Osteology (Thigh and Gluteal Region)

Specific osteological details of the pelvis and femur, including landmarks such as the iliac crest, ASIS, AIIS, ischial tuberosity, acetabulum, greater and lesser trochanters, gluteal tuberosity, and the linea aspera, are covered in the dry lab sessions.

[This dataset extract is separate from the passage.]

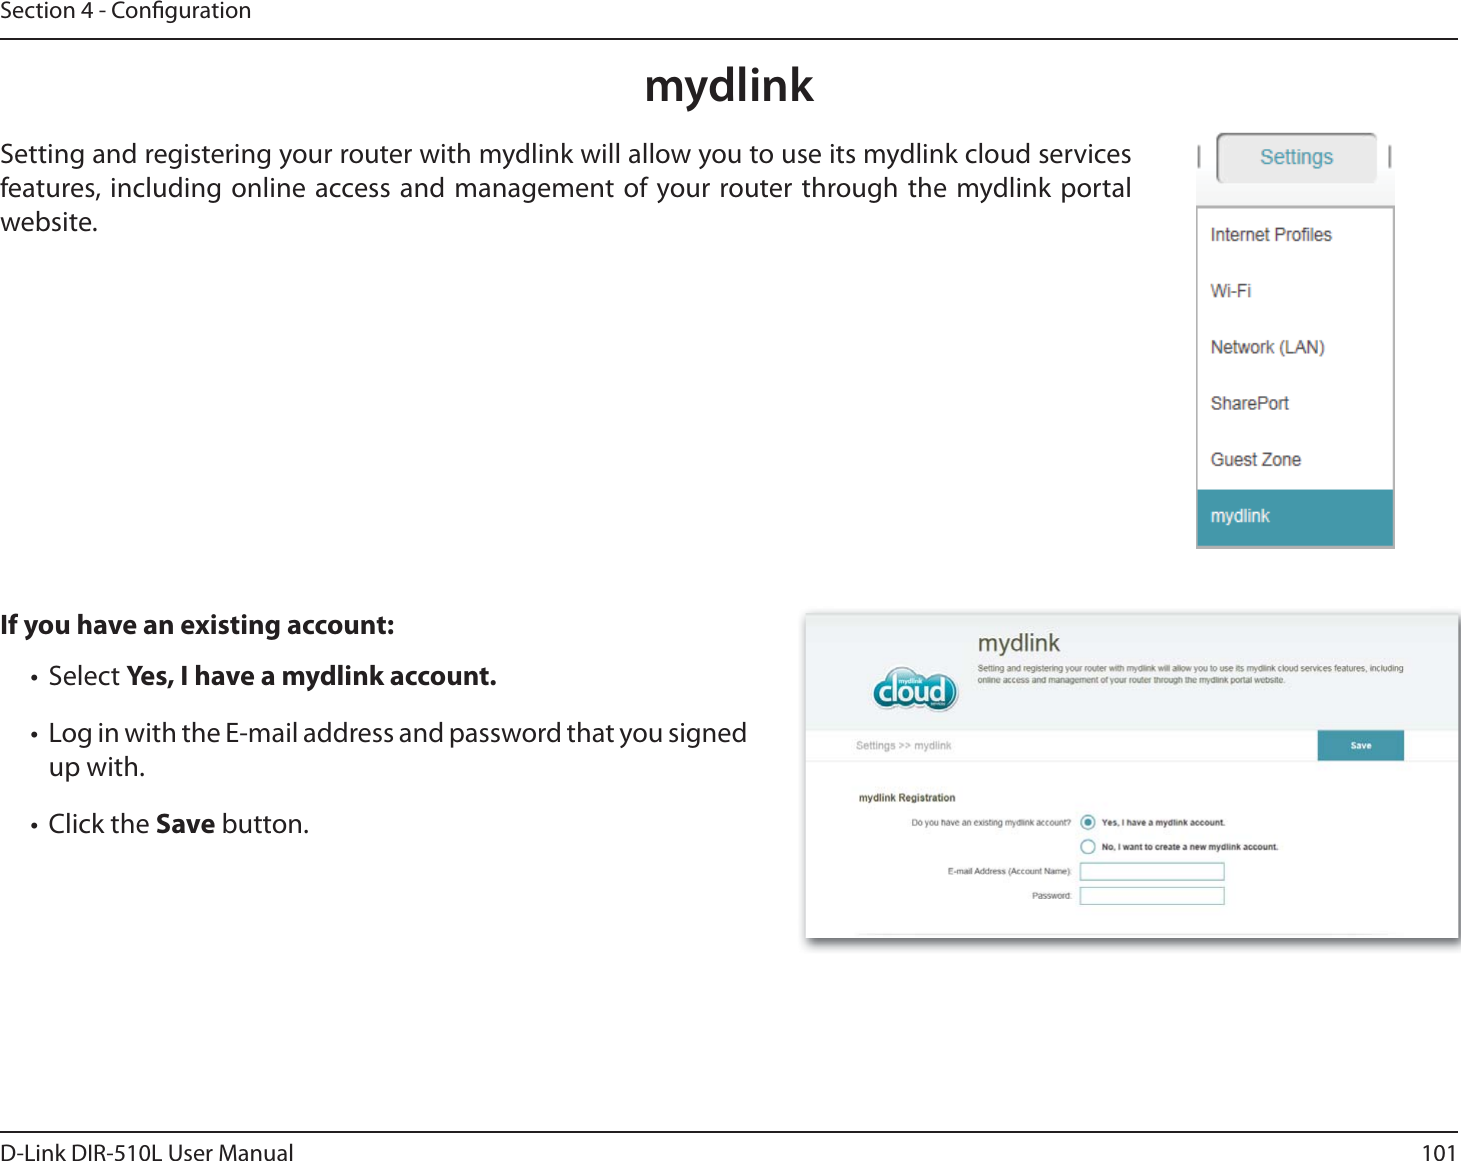 101D-Link DIR-510L User ManualSection 4 - CongurationIf you have an existing account:t Select Yes, I have a mydlink account.t Log in with the E-mail address and password that you signed up with.t Click the Save button.Setting and registering your router with mydlink will allow you to use its mydlink cloud services features, including online access and management of your router through the mydlink portal website.mydlink

This foundational knowledge is crucial for understanding muscle attachments and joint mechanics.

Regions of the Lower Extremity

For anatomical study, the lower extremity is divided into several regions:

  • Hip

  • Gluteal Region

  • Thigh

  • Knee

  • Popliteal Region

  • Anterior Leg (Crural)

  • Posterior Leg (Sural)

  • Ankle

  • Foot (Dorsum and Plantar Surface)

Hip Joint

Movements of the Hip

The hip joint is a ball and socket synovial joint, allowing for a wide range of motion:

  • Flexion

  • Extension

  • Abduction

  • Adduction

  • Internal (Medial) Rotation

  • External (Lateral) Rotation

  • Circumduction (a combination of the above movements)

Hip Internal Structures

Key internal structures contributing to the hip joint's stability and function include:

  • Acetabular Labrum: A fibrocartilaginous rim that deepens the acetabulum and enhances joint congruity.

  • Acetabular Fossa: A non-articular part of the acetabulum.

  • Lunate Surface: The articular surface of the acetabulum.

  • Transverse Acetabular Ligament: Spans the acetabular notch, completing the acetabular rim.

  • Ligament of the Head of the Femur (Ligamentum Teres): Contains the artery of the ligament of the head of the femur, providing some vascular supply to the femoral head, especially in children. It's enclosed within a synovial sleeve.

Hip Ligaments and Fibrous Capsule

The hip joint's fibrous capsule is reinforced by several strong ligaments:

  • Iliofemoral (Y) Ligament: Located anteriorly, it is considered the strongest ligament in the body. It prevents hyperextension of the hip.

  • Pubofemoral Ligament: Also located anteriorly and inferiorly, it prevents excessive abduction and hyperextension.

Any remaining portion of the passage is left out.